Aug 7th, 2008 by Xon Hostetter | 0

Overviewing 1 Corinthians

Last week we saw very briefly that Paul’s first letter to the Corinthians is about, more than anything else, the unity of the Body of Christ, the Church. As Christ’s body and as the new Temple of the Holy Spirit, we who are in covenant with God because we call on the name of Jesus Christ are one. This means that we are one with Christ through the covenant—all that is his is also ours. We are also one with one another; and this means also that what is true for one of us is in some sense so for our entire congregation. When one of us falls, we all must come alongside and give aid. When one of us triumphs, we all triumph. When one of us mourns, we all mourn. When a brother sins, you must correct him in gentleness and love, for he would do the same for you. At least that’s how it is supposed to work.

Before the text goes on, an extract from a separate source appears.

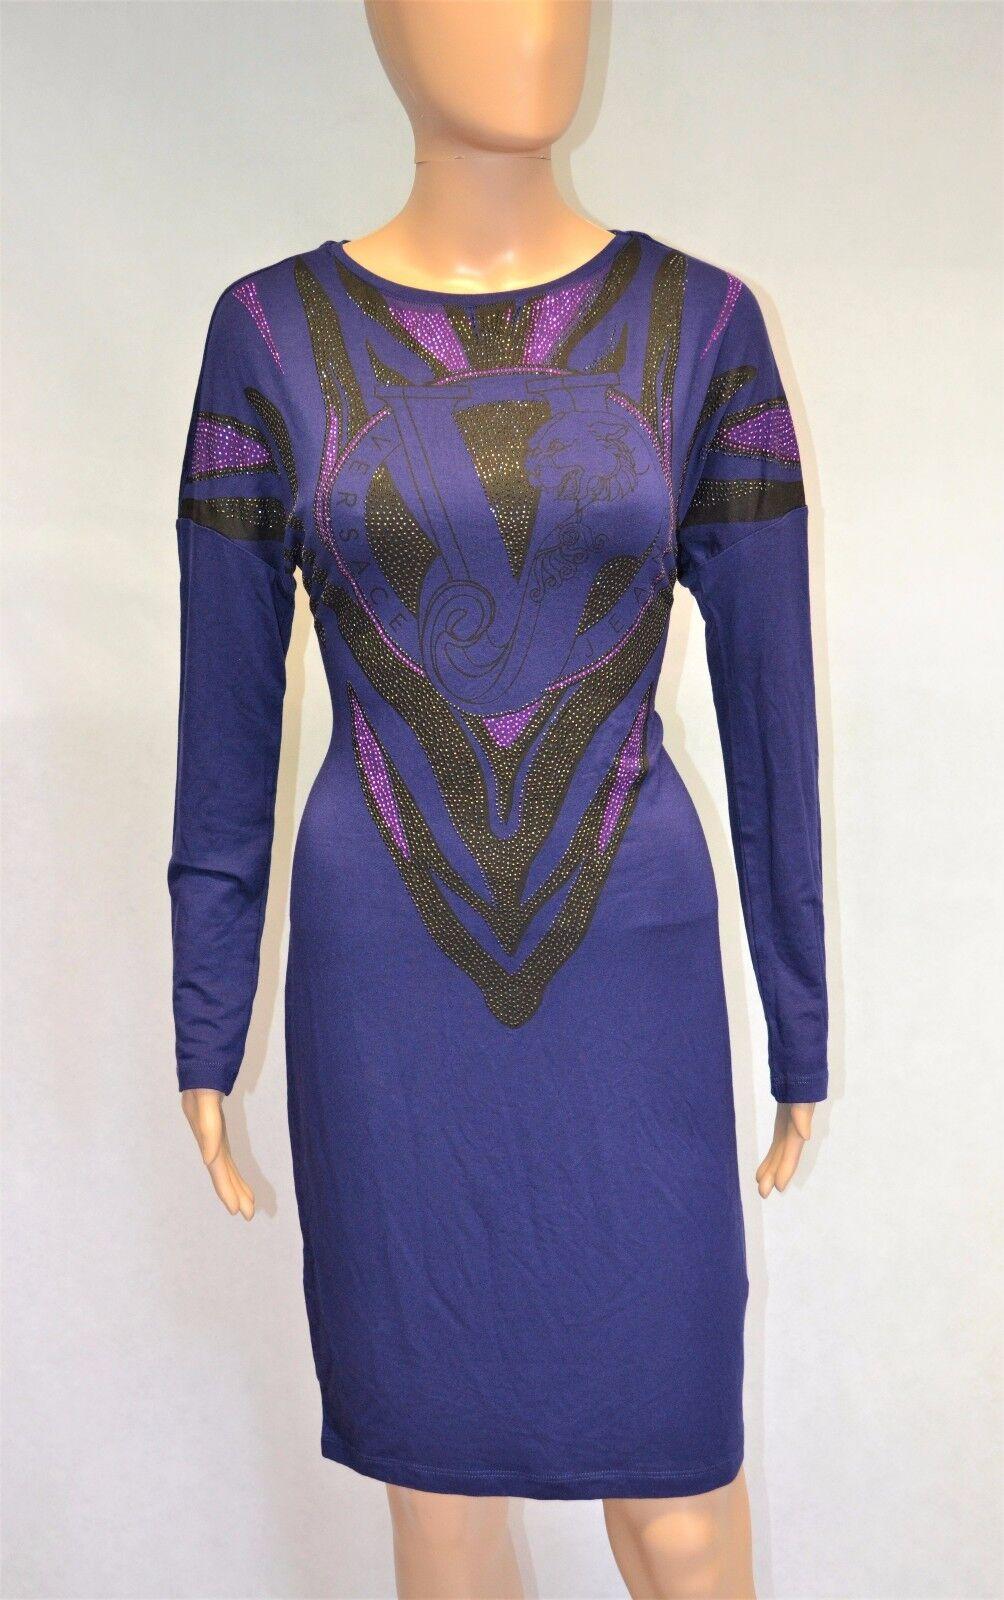 BNWT VERSACE JEANS NAVY Blau lila STUDDED RHINESTONE STRETCH DRESS VJ TIGER

The structure of 1 Corinthians is interesting in its own right, and we will hear some things about that structure as we make our way through the book. But mostly we’ll hear about that at the end as a way of summing up the book after we have gone through all of it. The one basic structural issue for us to remember right now is the two things we saw last week: First, Paul is writing this letter to the Church in Corinth in response to two different sources of information he has on them. One source is a personal report he has received from Chloe’s household about the current status of the Corinthian congregation. The other is a letter that the church had written him asking for his guidance on various matters. These two sources break the book up into two main parts, as Paul spends the first bit speaking to what he heard from Chloe’s report and the last bit speaking directly to the questions the Corinthians had asked him in their letter.

Second, remember that Paul often quotes certain slogans or sayings back at the Corinthians in order to refute them. This can cause some confusion among even the best theologians who read this book, so we will proceed with care. But for the most part these things will become clear as we make our way through the letter.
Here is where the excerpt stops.